Years later, believing that she had lived her dream at home, she auditioned for a musical extravaganza in Monte Carlo and was booked as a back-up dancer for Whitney Houston, MC Hammer and Donna Summer.

She auditioned for a cabaret at Casino de Monte-Carlo, got the role and worked there for two years, "living in a villa and hobnobbing with Prince Albert and his pals".

From Europe's cabaret stages and cruise ships, her dream of playing Velma in Chicago was realised when she was booked for the British touring production and then Hazel Feldman's South African show.

"Chicago's New York producers came to see the show in Cape Town and immediately booked me for London's West End, followed by Broadway," said Wright.

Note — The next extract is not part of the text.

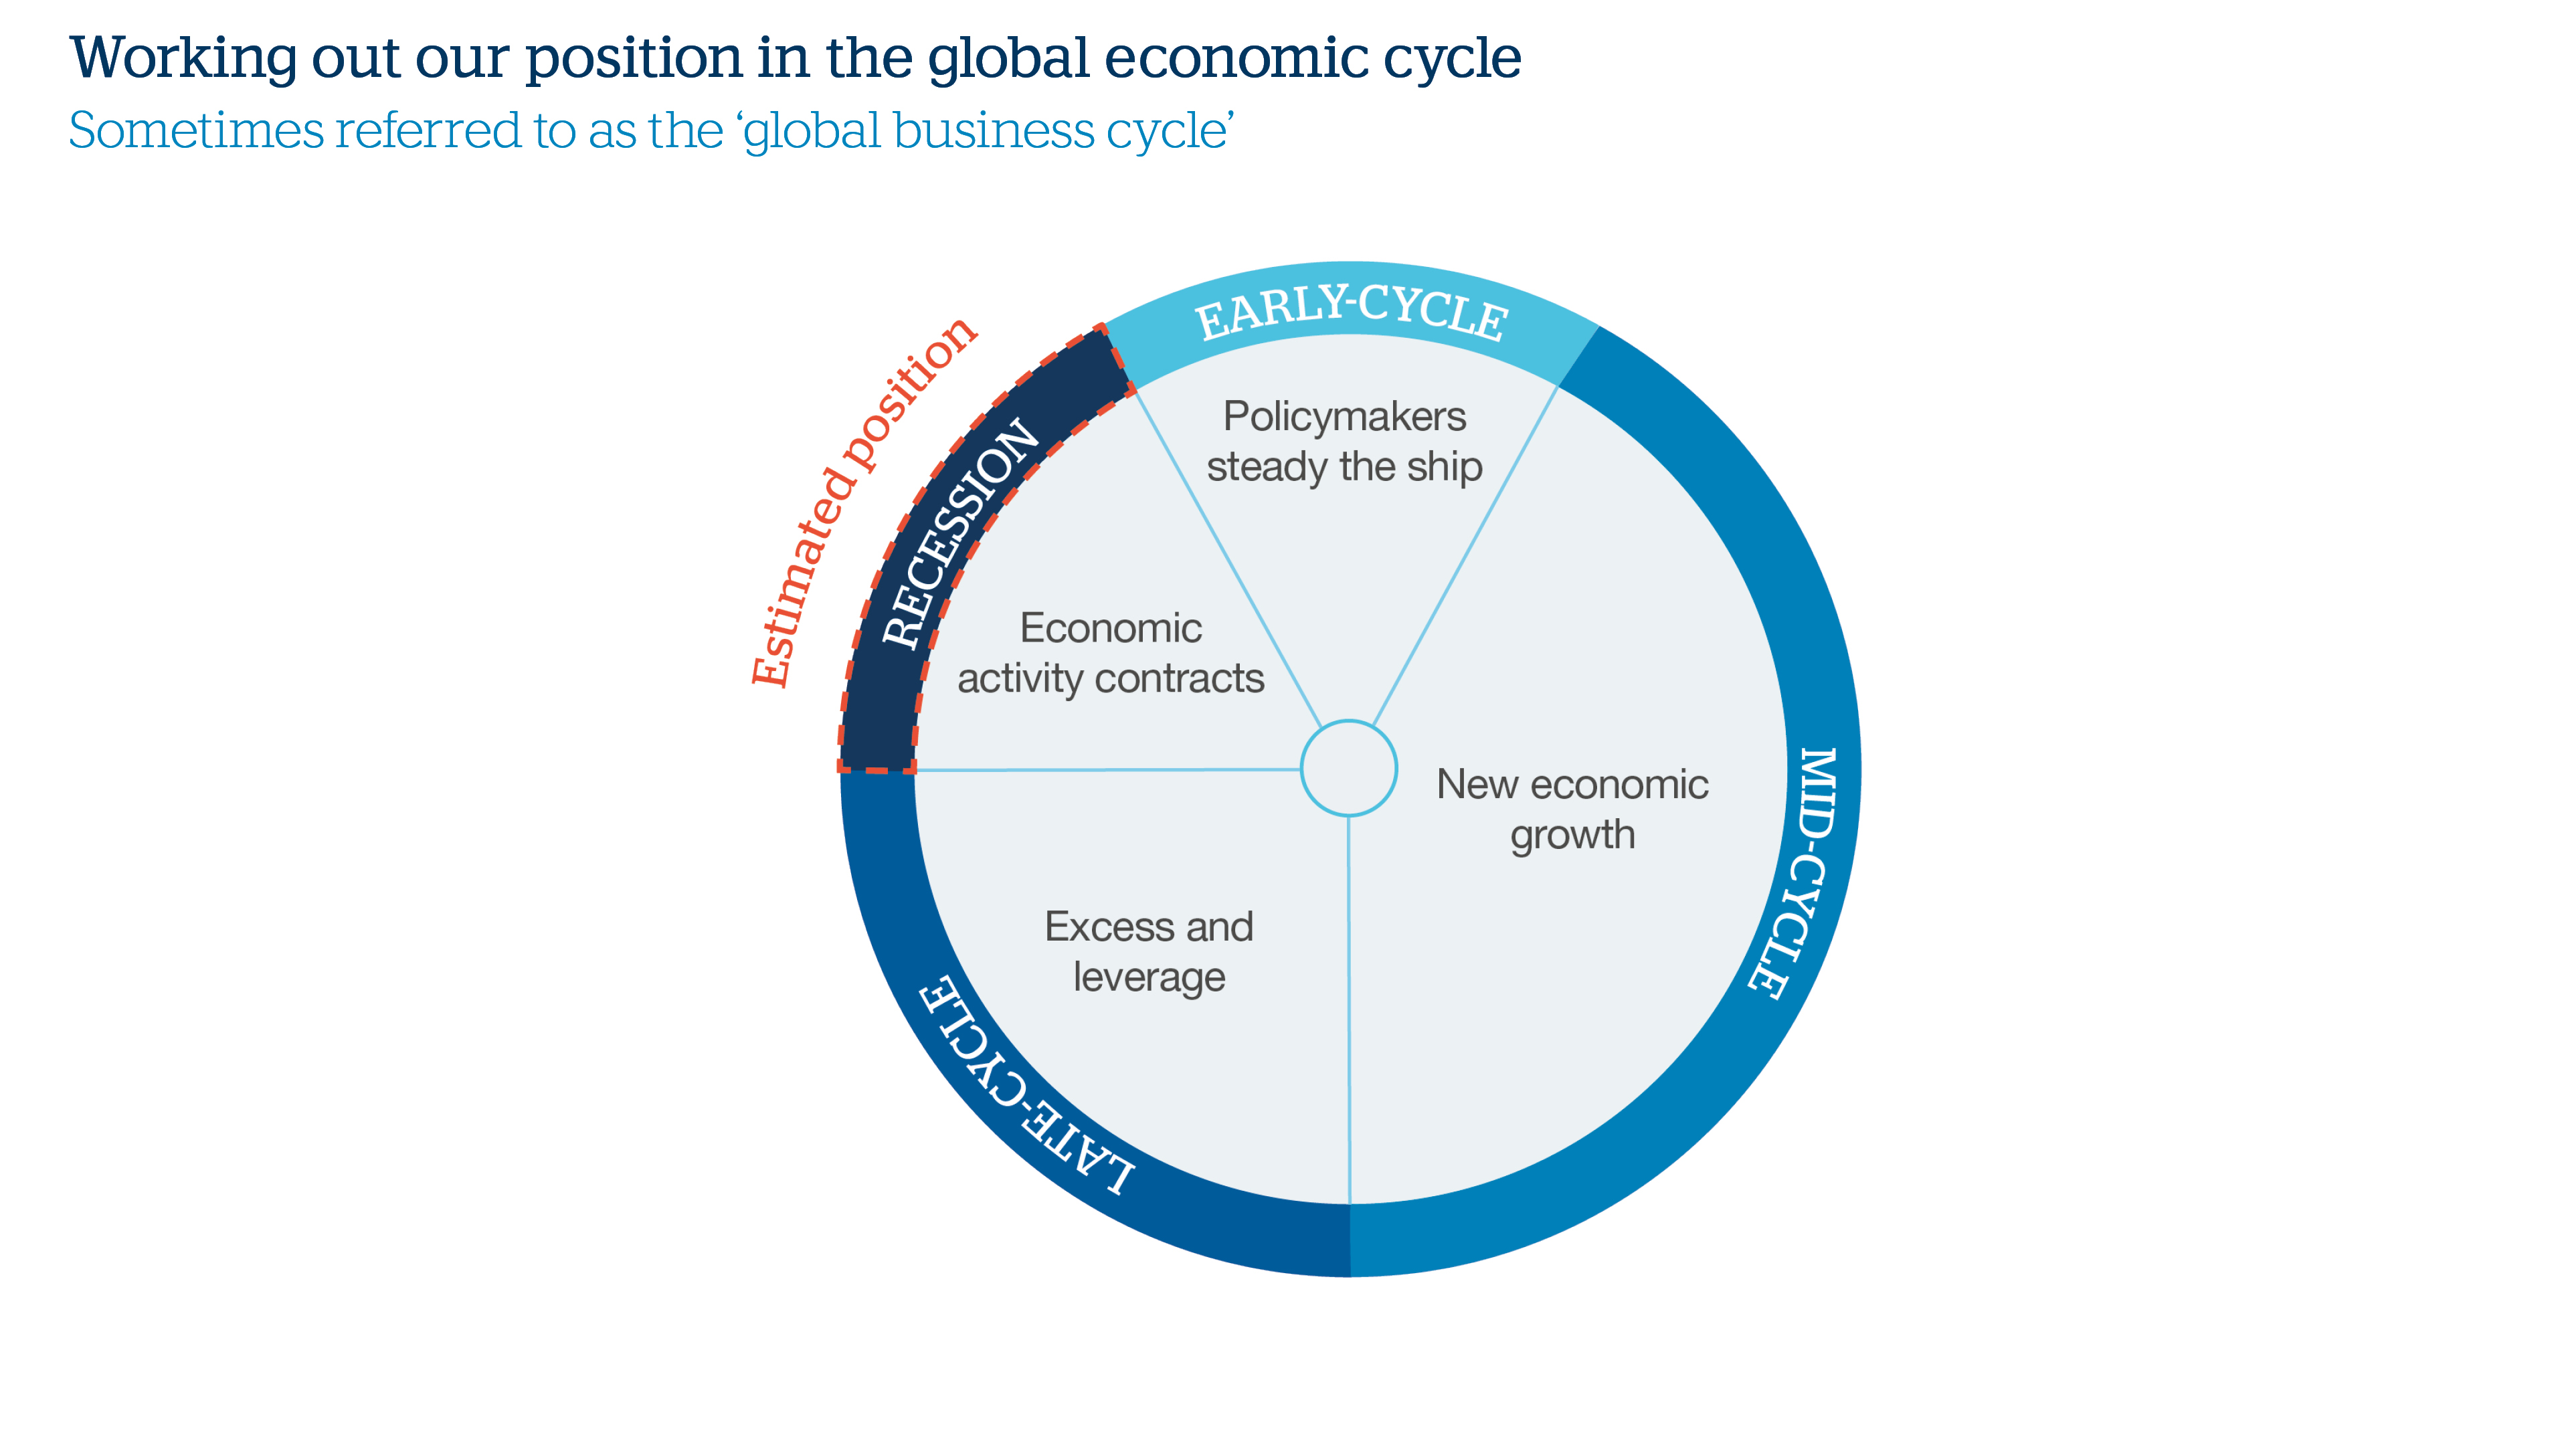 Economic Cycle

"I hopped between the shows in London and New York from 2005 to 2009, but after 25 years of not having a home base, I decided that America was where I needed to settle."

She lives in Maplewood, New Jersey - a 30-minute commute to New York's Penn Station - with her husband, South African drummer Heinrich Kruse, and their two French bulldogs, Stewart and Frankie.

She grabs every opportunity to visit her family in South Africa and is here for an autobiographical music revue at the Wild Coast.

David Gouldie, the director who brought her to South Africa for the local show, said he was excited to have her back in the country.

"She is such an inspiration to the local musical theatre industry, proving that South Africans can make it on the world's stages. I am thrilled to celebrate Amra-Faye and bring her home for another standing ovation."